The duties of directors of a corporation

Question… explain the duties of directors of a corporation we else owes similar duties? what remedies area available for the breaches of duties


The directors of a company are the key personnel that are responsible for the management of the company. In most cases, the directors of the company work collectively as a board in order to the chant the way forward as one sole entity. The articles of association give the board of directors to delegate authority to individual directors as considered appropriate by the company. The duties and responsibilities of directors are statutory duties with their legal capacities in order to drive the company forward. The operations of the directors are closely guarded by the company constitution to ensure that all their work is reasonable and has no conflict of interest. In their duties, the directors exercise independent judgment and are not obliged to accept benefits from third parties. The directors are responsible for drawing policy initiatives for the company in accordance with the scope operations of the company.

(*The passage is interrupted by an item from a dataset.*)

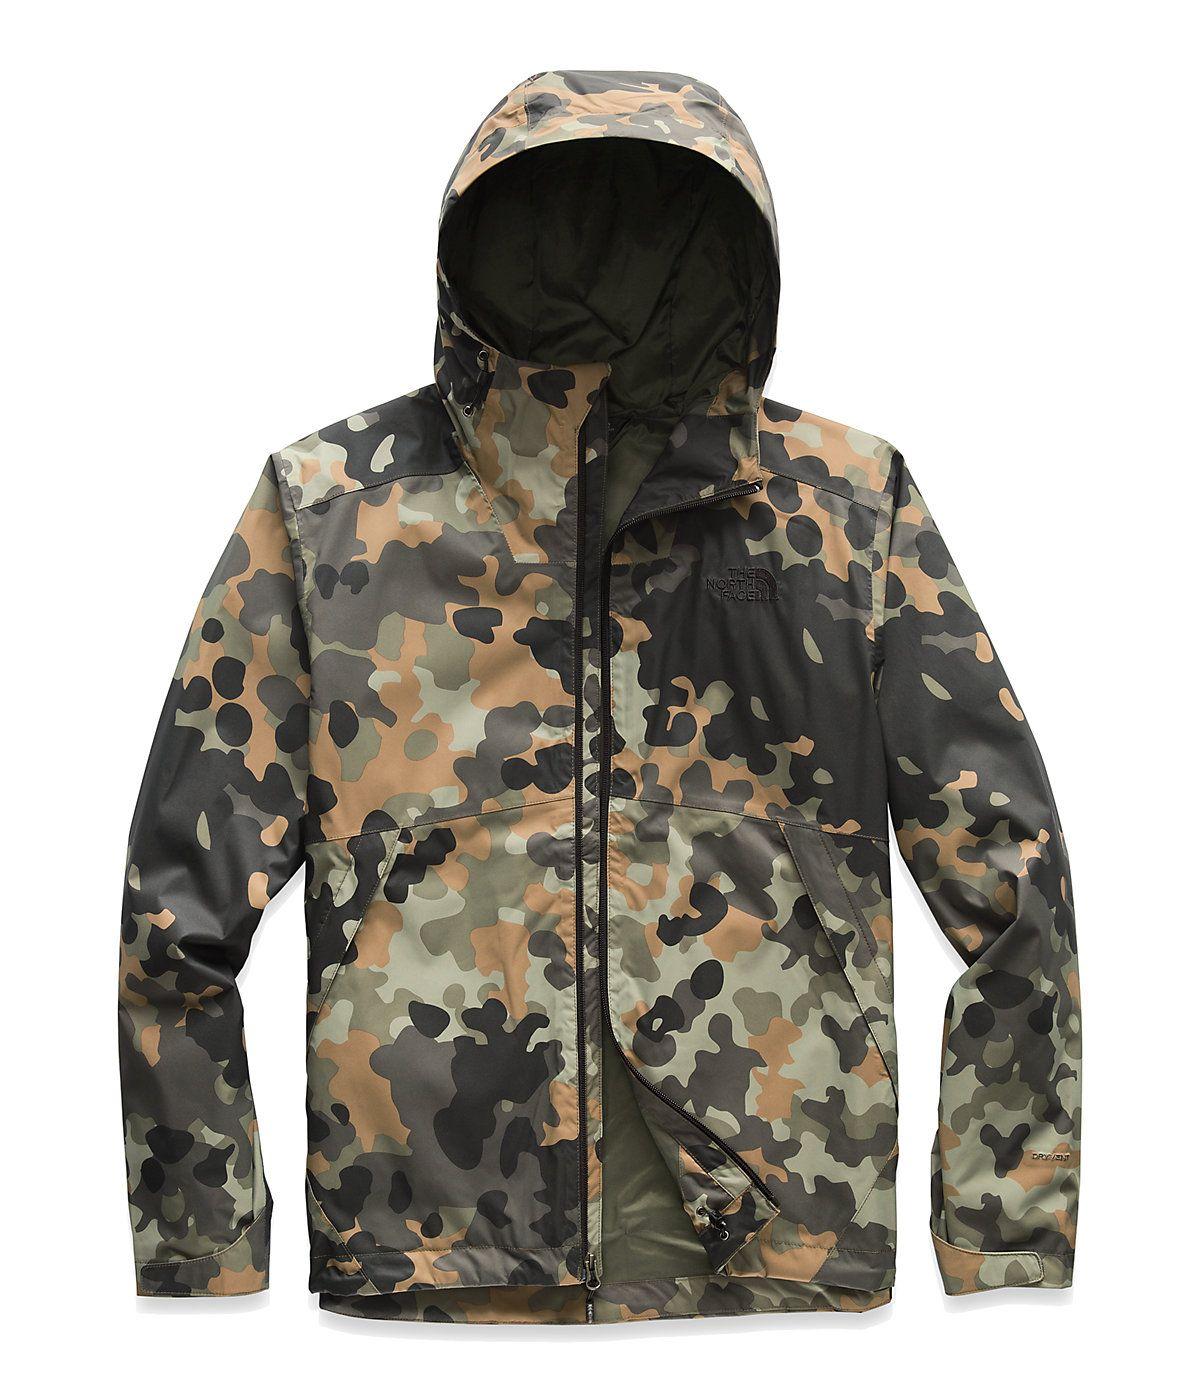 329d730f5 Men's millerton jacket in 2019 | Products | Rain jacket, Jackets ...
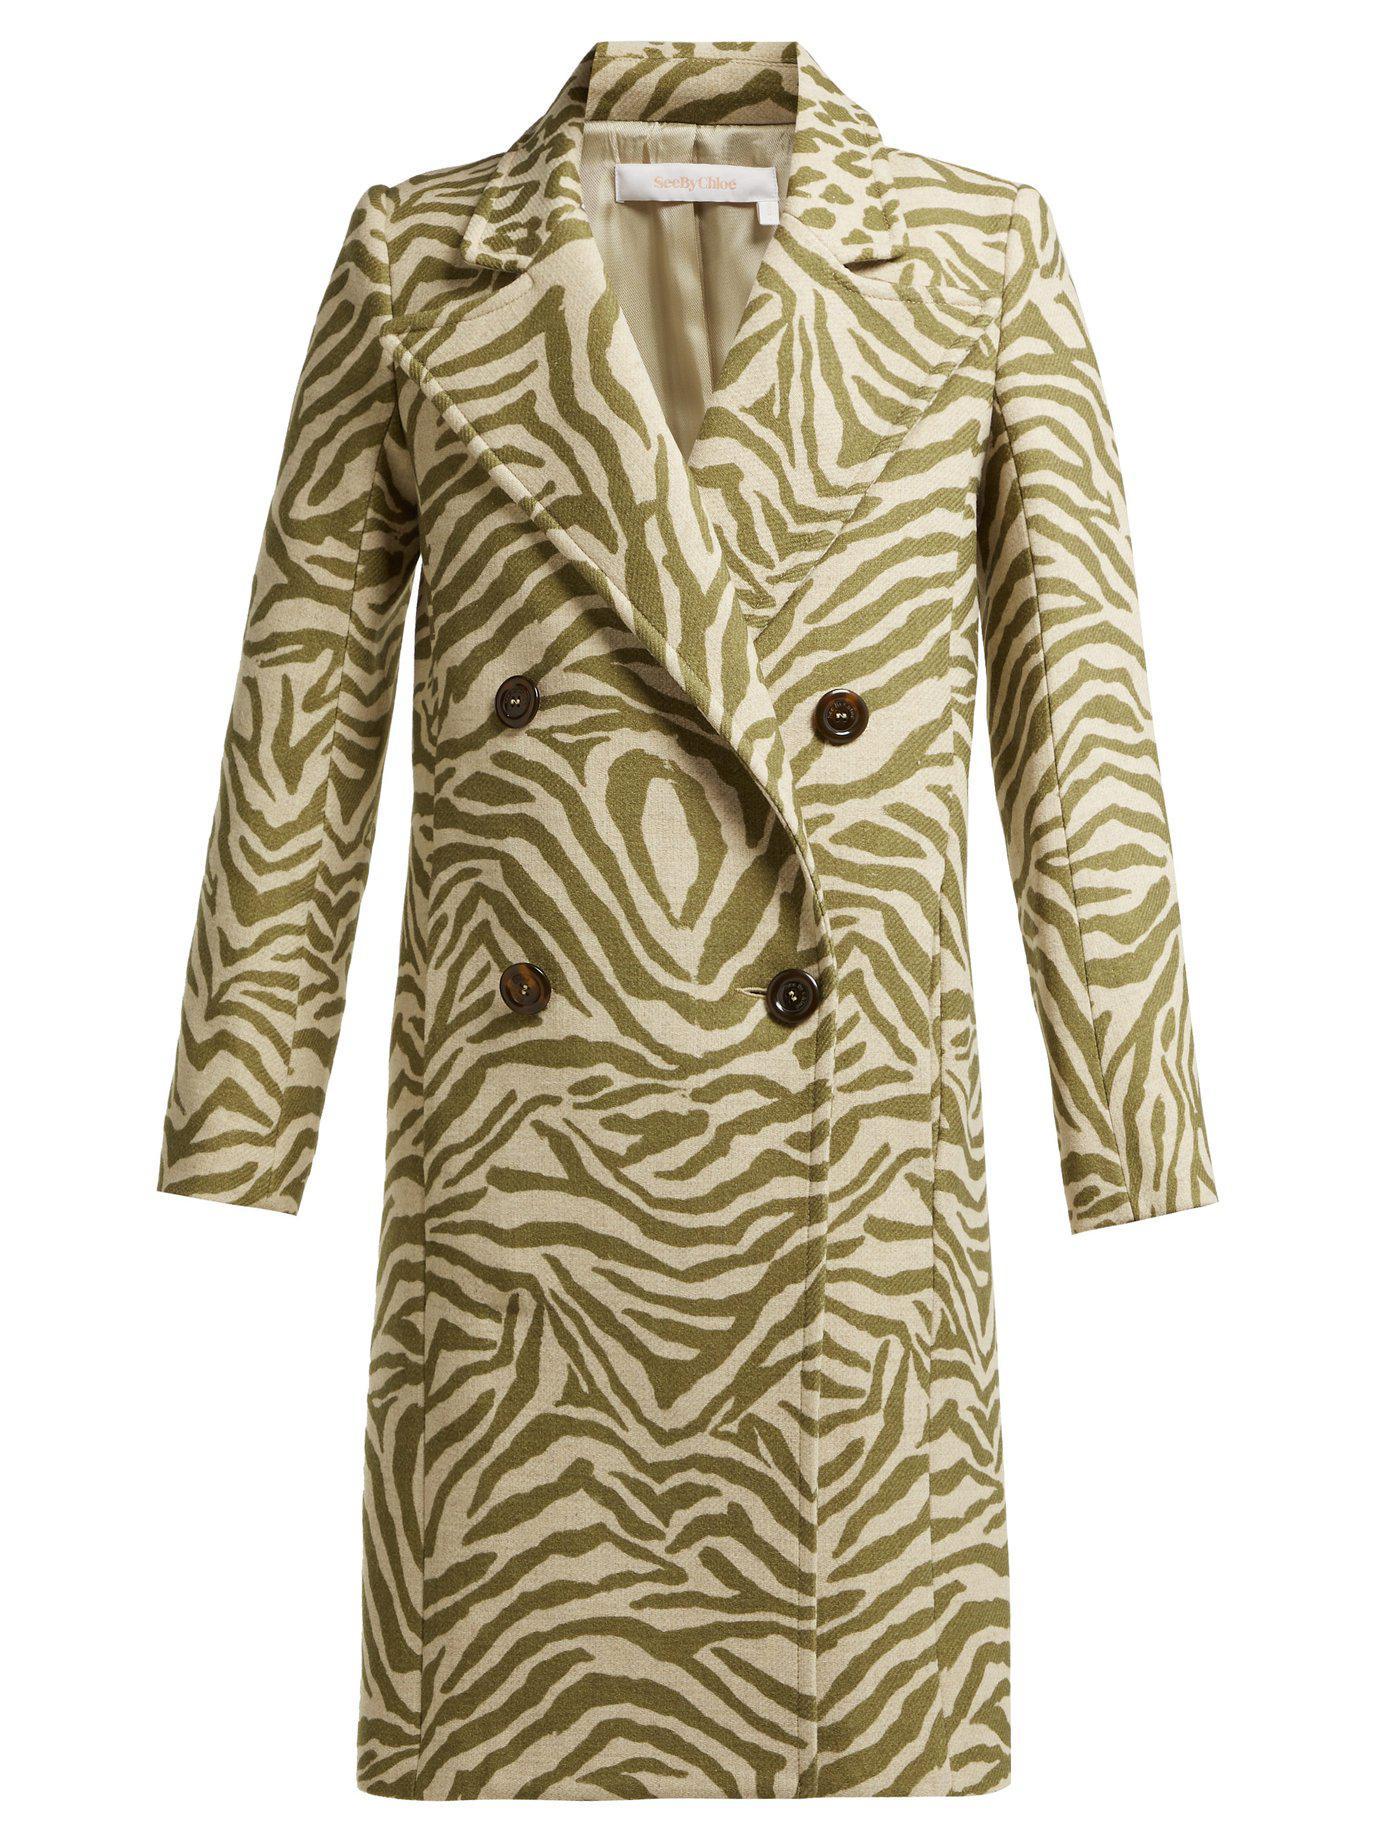 27db67c45 See By Chloé - Natural Tiger Print Wool Blend Coat - Lyst. View fullscreen

In some instances, one or more directors can breach their duties as far as company operations are concerned. However, the law provides for a variety of remedies in the event a director breaches his duties by contravening his moral and legal authority. The remedies for breach of duties include a court injunction or declaration and compensation where appropriate. In the case where the company property is lost, the director can be ordered to restore the company property or account for profits. In case of contract breach, rescission of the relevant contract can be ordered to act as a remedy for the breach of duty. In extreme cases where the director portrays gross violation of the company rules, the director can be dismissed and be replaced with other responsible persons who can act with due diligence.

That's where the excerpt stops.